Zitat von "Kuhring, Mathias" :

I'm afraid the parameter mgr  
mgr/cephadm/default_cephadm_command_timeout is buggy.
Once not on default anymore, MGR is preparing the parameter a bit  
(e.g. substracting 5 secs)
And there making it float, but cephadm is not having it (not even if  
I try the default 900 myself):


[WRN] CEPHADM_APPLY_SPEC_FAIL: Failed to apply 1 service(s):  
osd.all-available-devices
osd.all-available-devices: cephadm exited with an error code: 2,  
stderr:usage:  
cephadm.8b92cafd937eb89681ee011f9e70f85937fd09c4bd61ed4a59981d275a1f255b

   [-h] [--image IMAGE] [--docker] [--data-dir DATA_DIR]
   [--log-dir LOG_DIR] [--logrotate-dir LOGROTATE_DIR]
   [--sysctl-dir SYSCTL_DIR] [--unit-dir UNIT_DIR] [--verbose]
   [--timeout TIMEOUT] [--retry RETRY] [--env ENV] [--no-container-init]
   [--no-cgroups-split]

{version,pull,inspect-image,ls,list-networks,adopt,rm-daemon,rm-cluster,run,shell,enter,ceph-volume,zap-osds,unit,logs,bootstrap,deploy,check-host,prepare-host,add-repo,rm-repo,install,registry-login,gather-facts,host-maintenance,agent,disk-rescan}

   ...
cephadm.8b92cafd937eb89681ee011f9e70f85937fd09c4bd61ed4a59981d275a1f255b:  
error: argument --timeout: invalid int value: '895.0'


This also let to a status panic spiral reporting plenty of host and  
services missing failing (I assume orch failing due to cephadm  
complaining about the parameter).
I got it under control by removing the parameter again from the  
config (ceph config rm mgr  
mgr/cephadm/default_cephadm_command_timeout).
And the restarting all MGRs manually (systemctl restart..., again  
since orch was kinda useless at this stage).
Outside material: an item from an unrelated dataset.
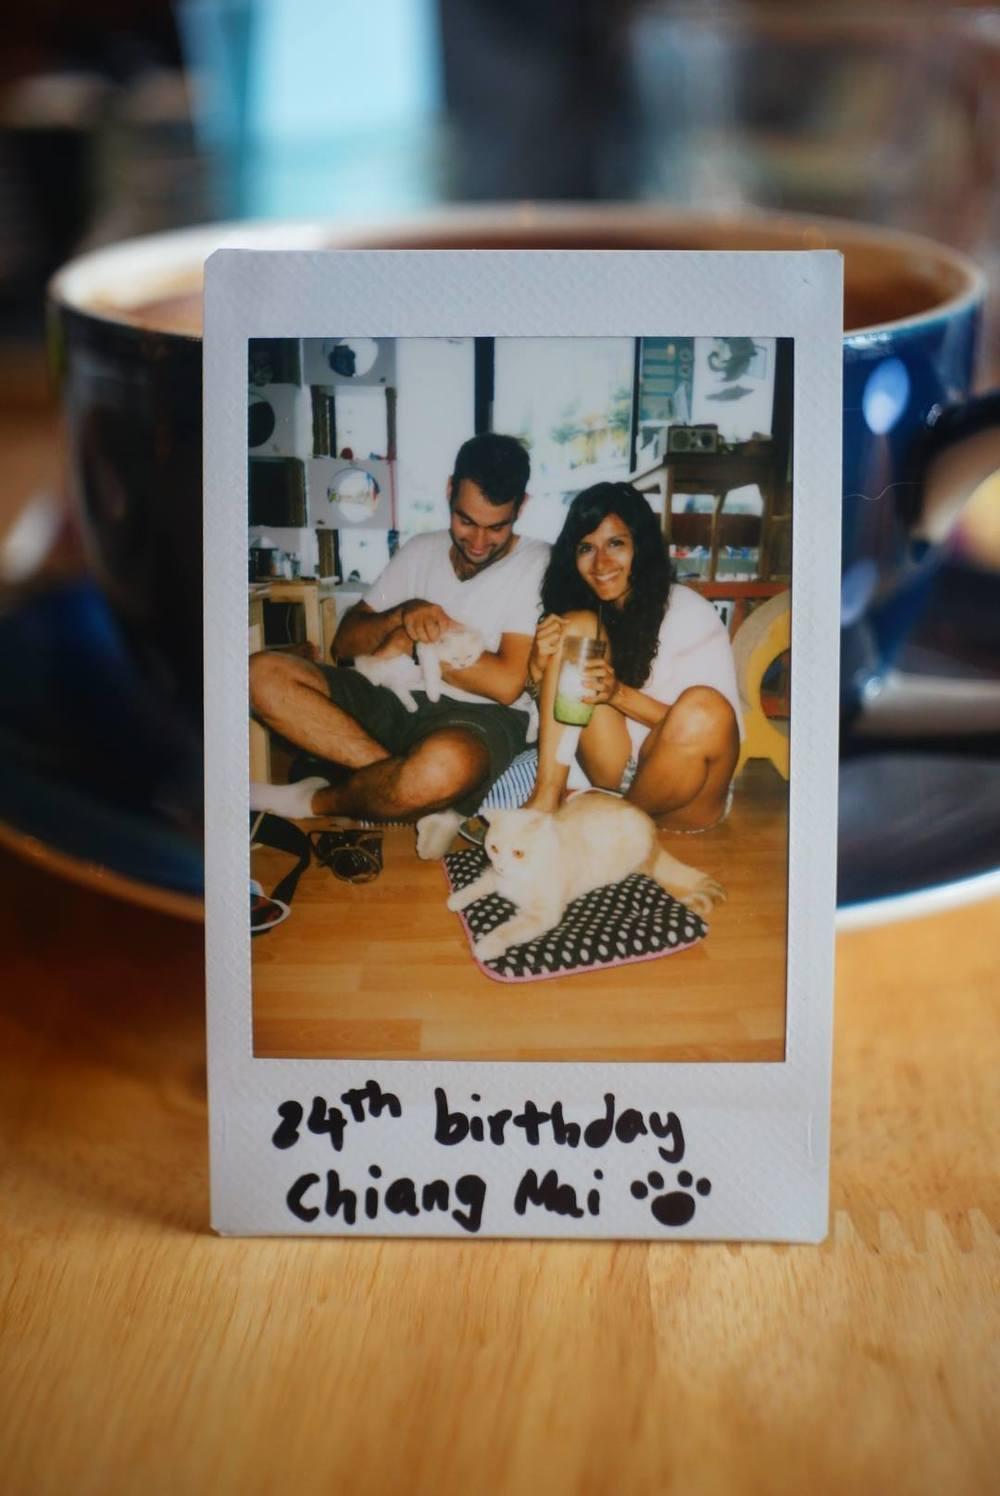 24th birthday, Chiang Mai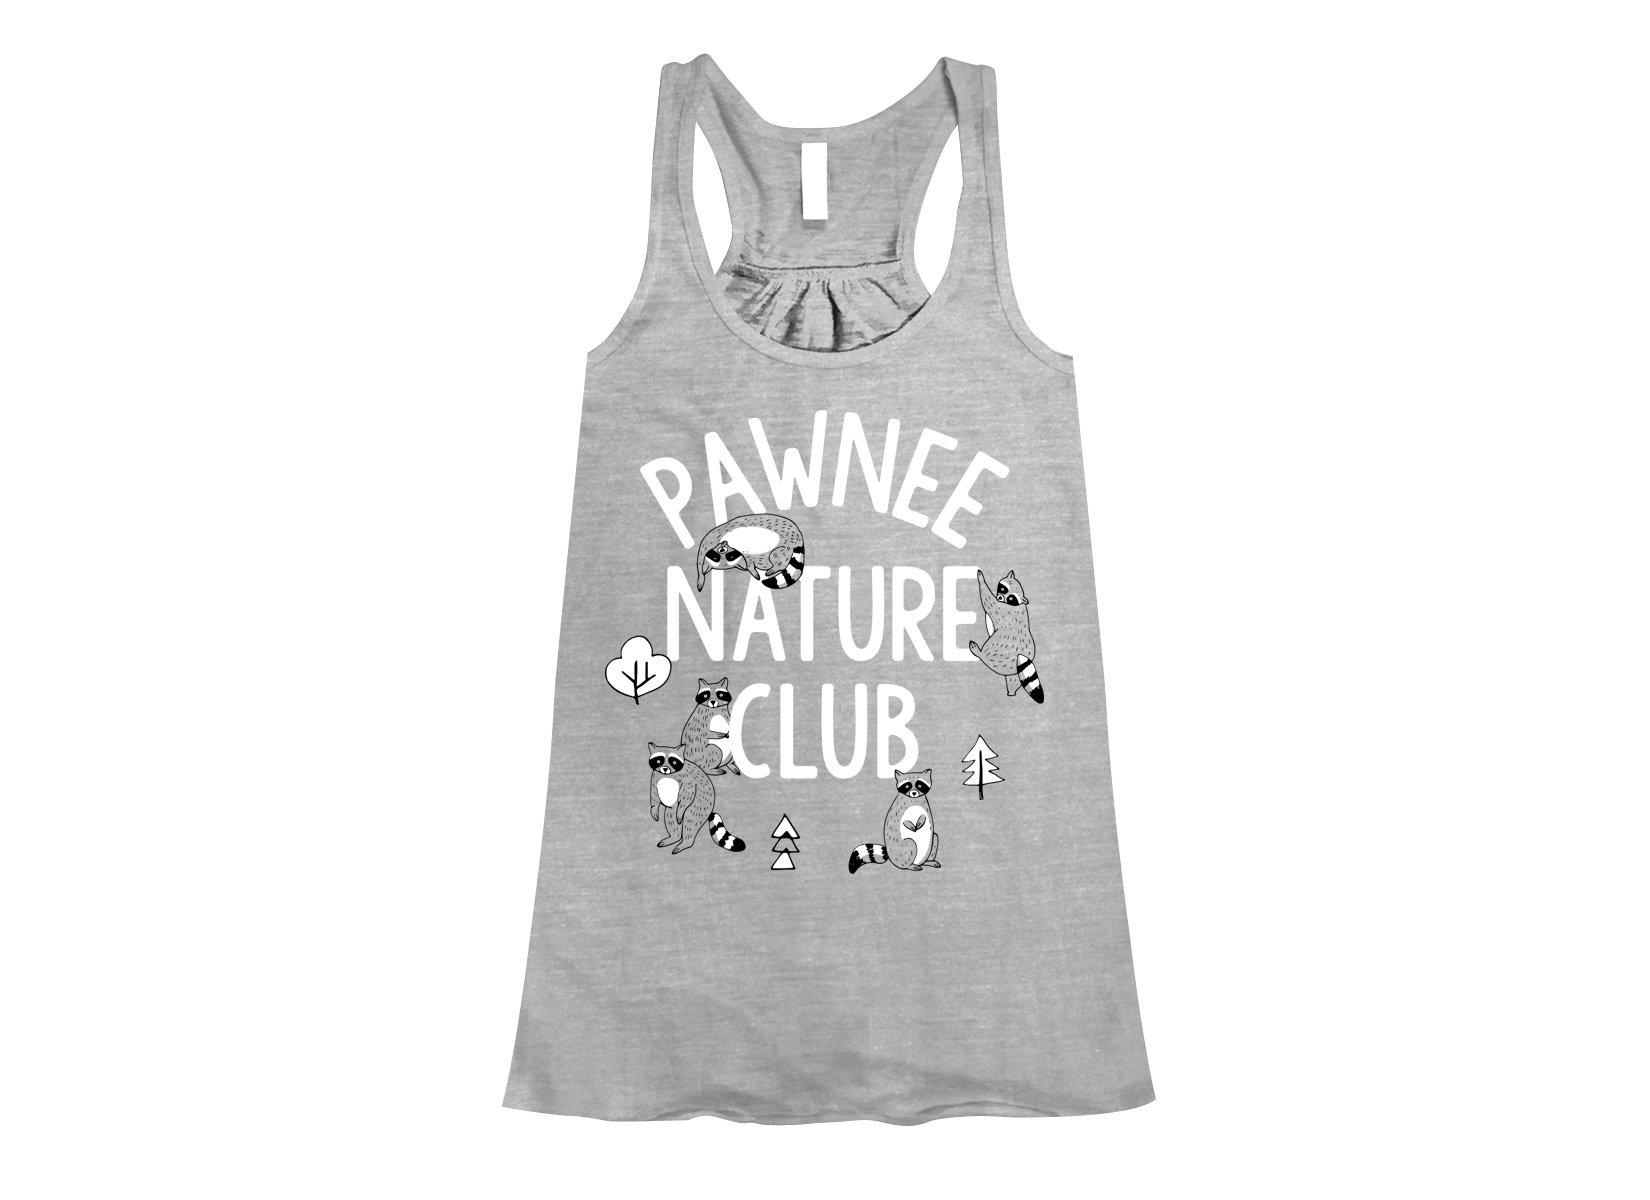 Pawnee Nature Club on Womens Tanks T-Shirt

Anyhow, is there any other way I can adapt this parameter?
Or maybe look into speeding up LV creation (if this is the bootleneck)?

Thanks a lot,
Mathias

-Original Message-
From: Kuhring, Mathias 
Sent: Friday, March 22, 2024 5:38 PM
To: Eugen Block ; ceph-users@ceph.io
Subject: [ceph-users] Re: [ext] Re: cephadm auto disk preparation  
and OSD installation incomplete


Hey Eugen,

Thank you for the quick reply.

The 5 missing disks on the one host were completely installed after  
I fully cleaned them up as I described.

So, seems a smaller number of disks can make it.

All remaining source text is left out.